Immune System Worksheet 1 Bio 221 Lecture

What is the function of the immune system?

A group of organs and cells that defends the body against pathogens, removes damaged cells, absorbs nutrients, and identifies and destroys abnormal or cancerous cells.

What are the components of the immune system?

The immune system includes white blood cells (leukocytes), lymphatic vessels, lymph nodes, the spleen, thymus gland, bone marrow, and MALT (mucosa-associated lymphoid tissue). (non-encapsulated wbc)

Name the 5 types of white blood cells and their basic functions.

Neutrophils (Innate) —-Phagocytose bacteria and debris.

Lymphocytes (Adaptive except for NK cells)—Include B cells, T cells, and NK cells; responsible for adaptive and innate immunity.

Monocytes (Innate)— Become macrophages; engulf pathogens and dead cells.

Eosinophils (Innate)—Attack parasites and modulate allergic responses.

Basophils (Innate)—Release histamine and heparin during inflammation and allergies.

What are the functions of the lymph vessels?

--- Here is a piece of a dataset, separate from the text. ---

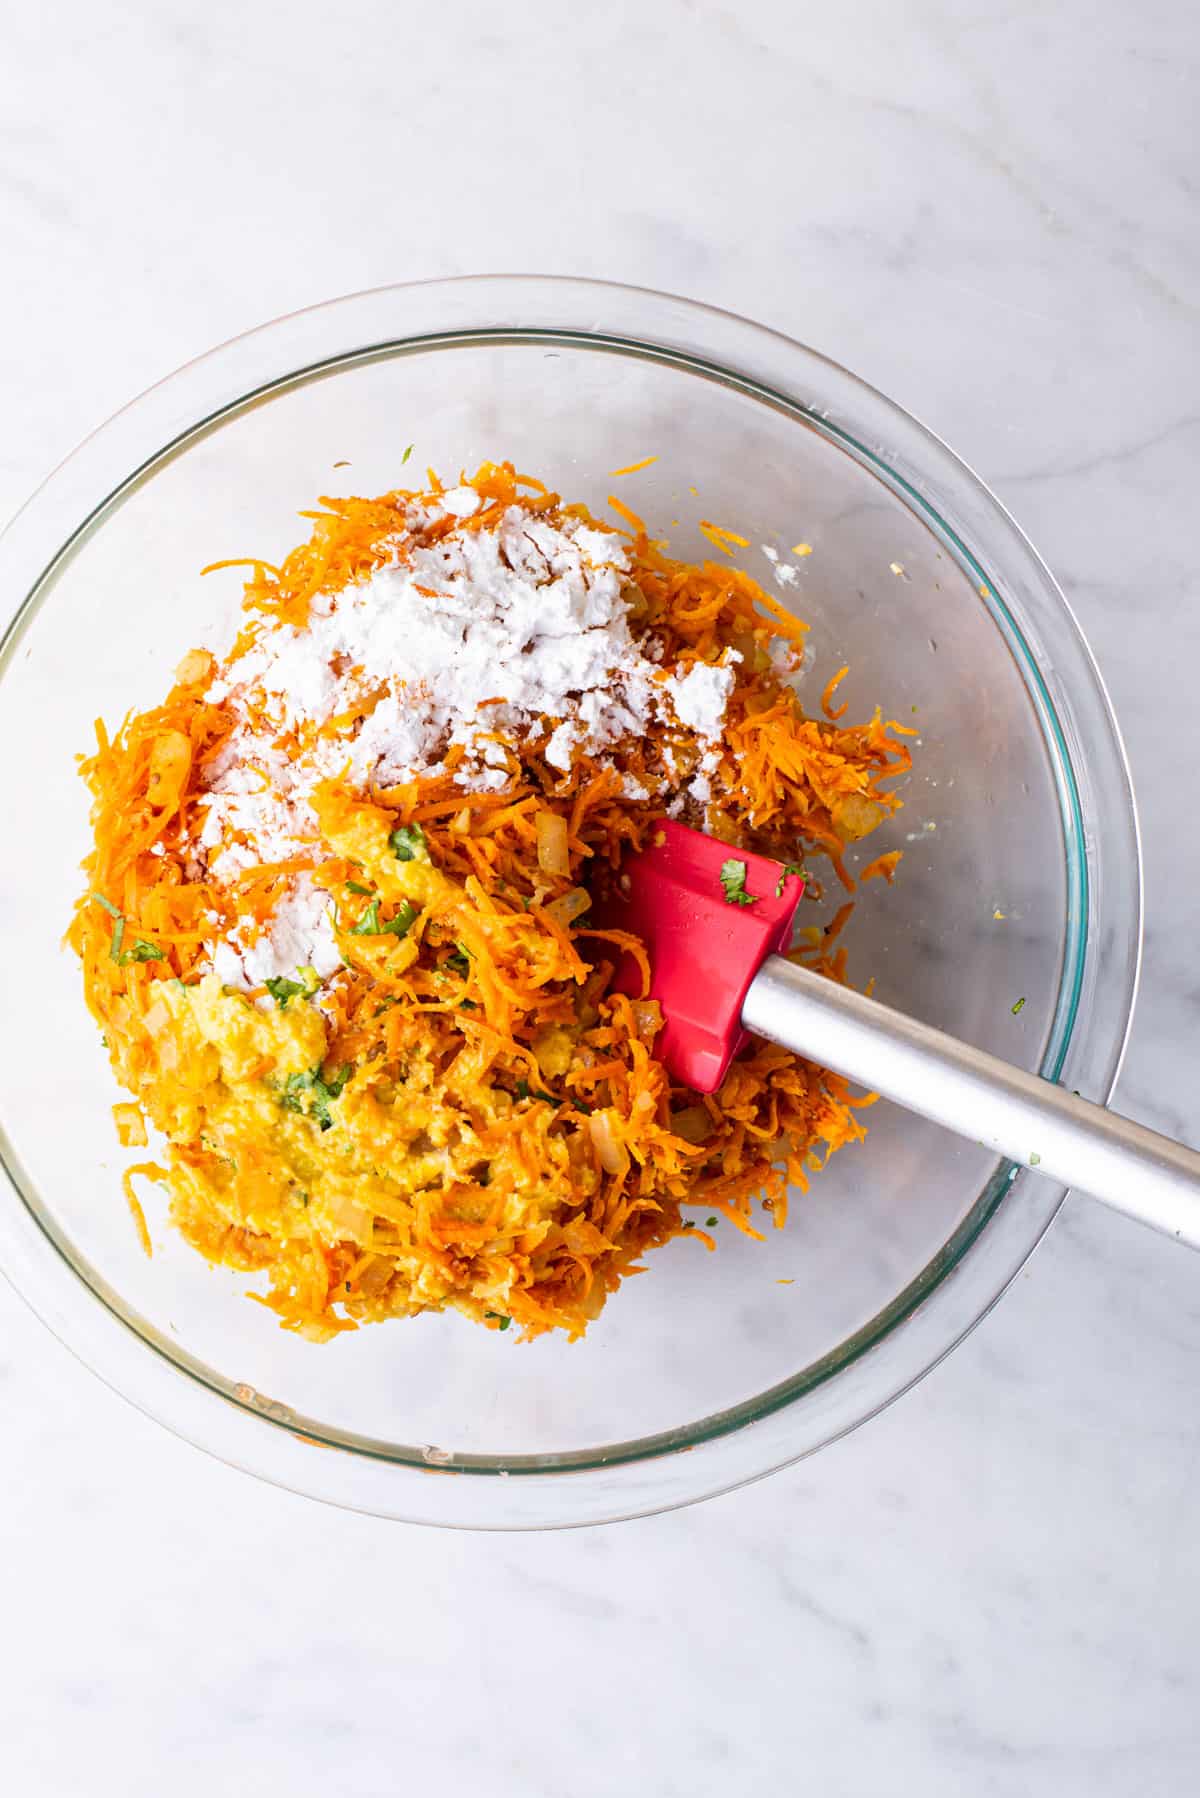 Mixture of grated carrots, pureed corn, flour, and spices in a bowl.

They transport lymph, return excess interstitial fluid to the bloodstream, and help move immune cells throughout the body.

What are characteristics of lymph vessels?

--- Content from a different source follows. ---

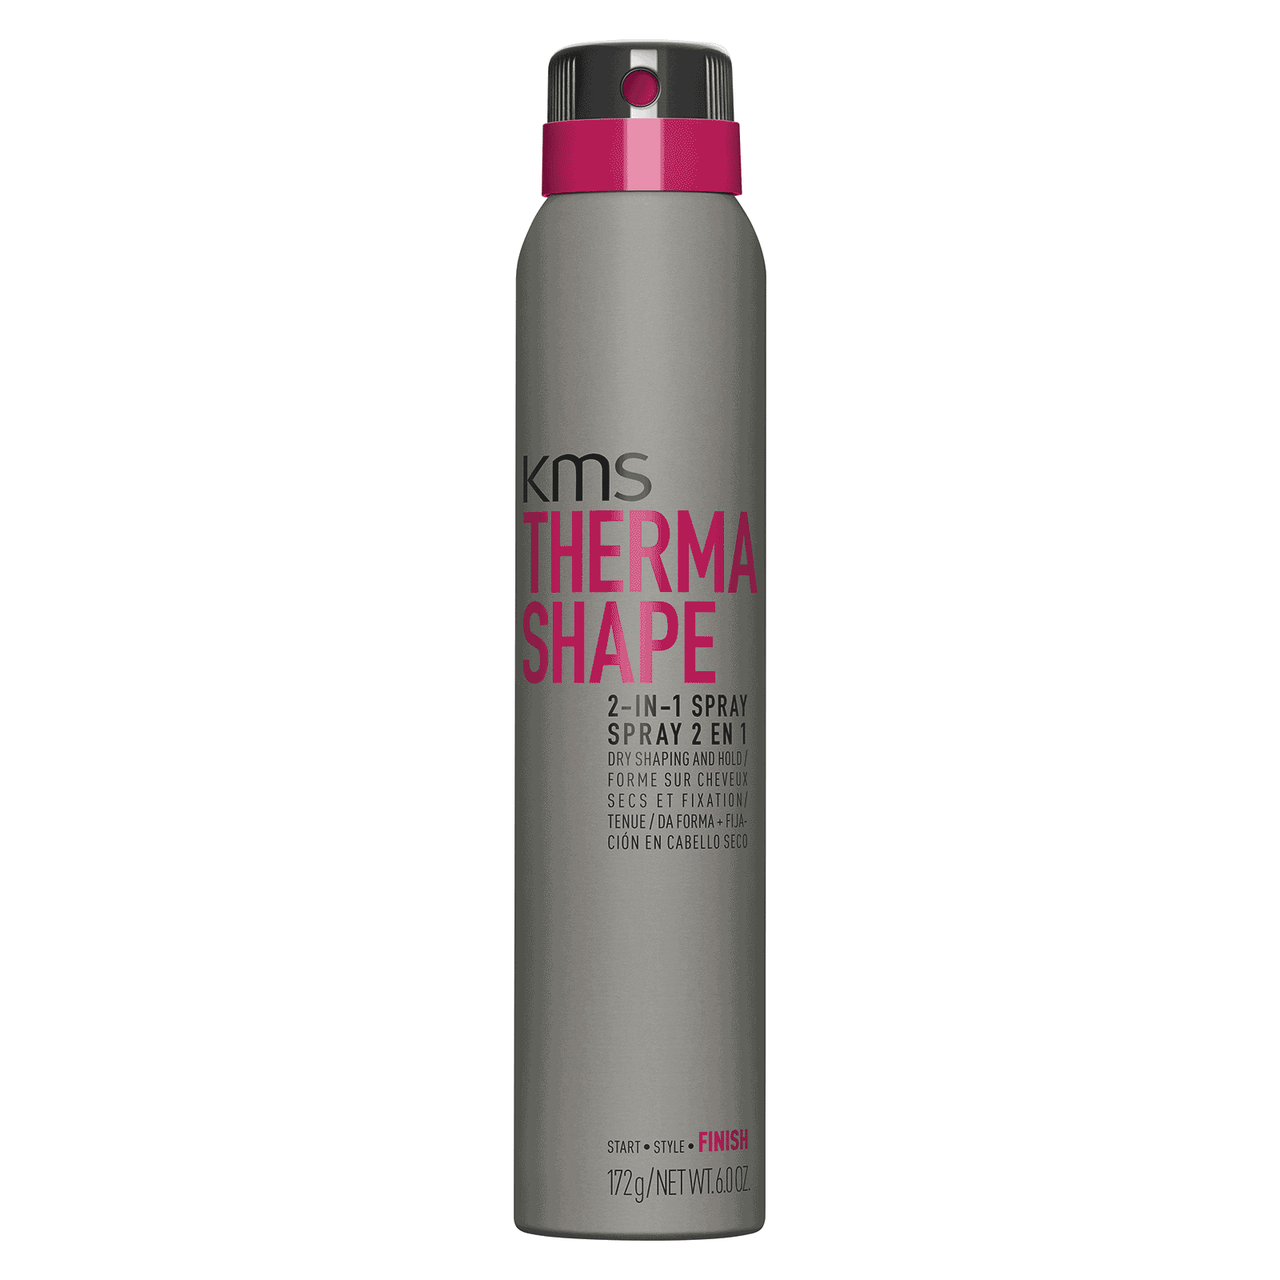 THERMASHAPE 2-In-1 Spray - Hair Square Inc.

Lymph vessels have thin walls, valves to prevent backflow, and resemble veins in structure.

What are lymph nodes?

Lymph nodes are small, bean-shaped organs that filter lymph and house lymphocytes to initiate immune responses.

Approximately how many lymph nodes are in the body?

There are about 600 to 700 lymph nodes in the human body.

What fibers and cells are present in lymph nodes?

Lymph nodes contain reticular fibers that trap particles and white blood cells, including:

• Lymphocytes (All adaptive T and B cells except for NK cells, innate) – Recognise and respond to specific antigens.

• Macrophages (Innate)—Engulf and destroy pathogens and debris.

• Dendritic cells (Innate) – Capture antigens and present them to lymphocytes to activate immune responses.

What is MALT?

MALT (mucosa-associated lymphoid tissue) is lymphoid tissue that protects mucosal surfaces—such as those in the digestive, respiratory, urinary, and reproductive tracts—from pathogens.

What are specific types of MALT?

Specific types of MALT include tonsils, Peyer’s patches in the small intestine, and the appendix.

What are the functions of the spleen?

The spleen filters blood, removes old red blood cells, stores platelets, and activates lymphocytes to initiate immune responses.

Distinguish between red pulp and white pulp.

The red pulp filters blood and removes old red blood cells, while the white pulp contains lymphocytes and initiates immune responses.

What is the function of the thymus gland?

The thymus gland is where T lymphocytes (T-cell) mature and differentiate, allowing them to function properly in immune responses.

What is the role of thymosin?

Thymosin is a hormone that promotes the development and maturation of T cells.

Distinguish between nonspecific (innate) and specific immunity.

Innate immunity provides general, immediate defense with no memory, while specific (adaptive) immunity targets particular antigens and has memory for faster future responses.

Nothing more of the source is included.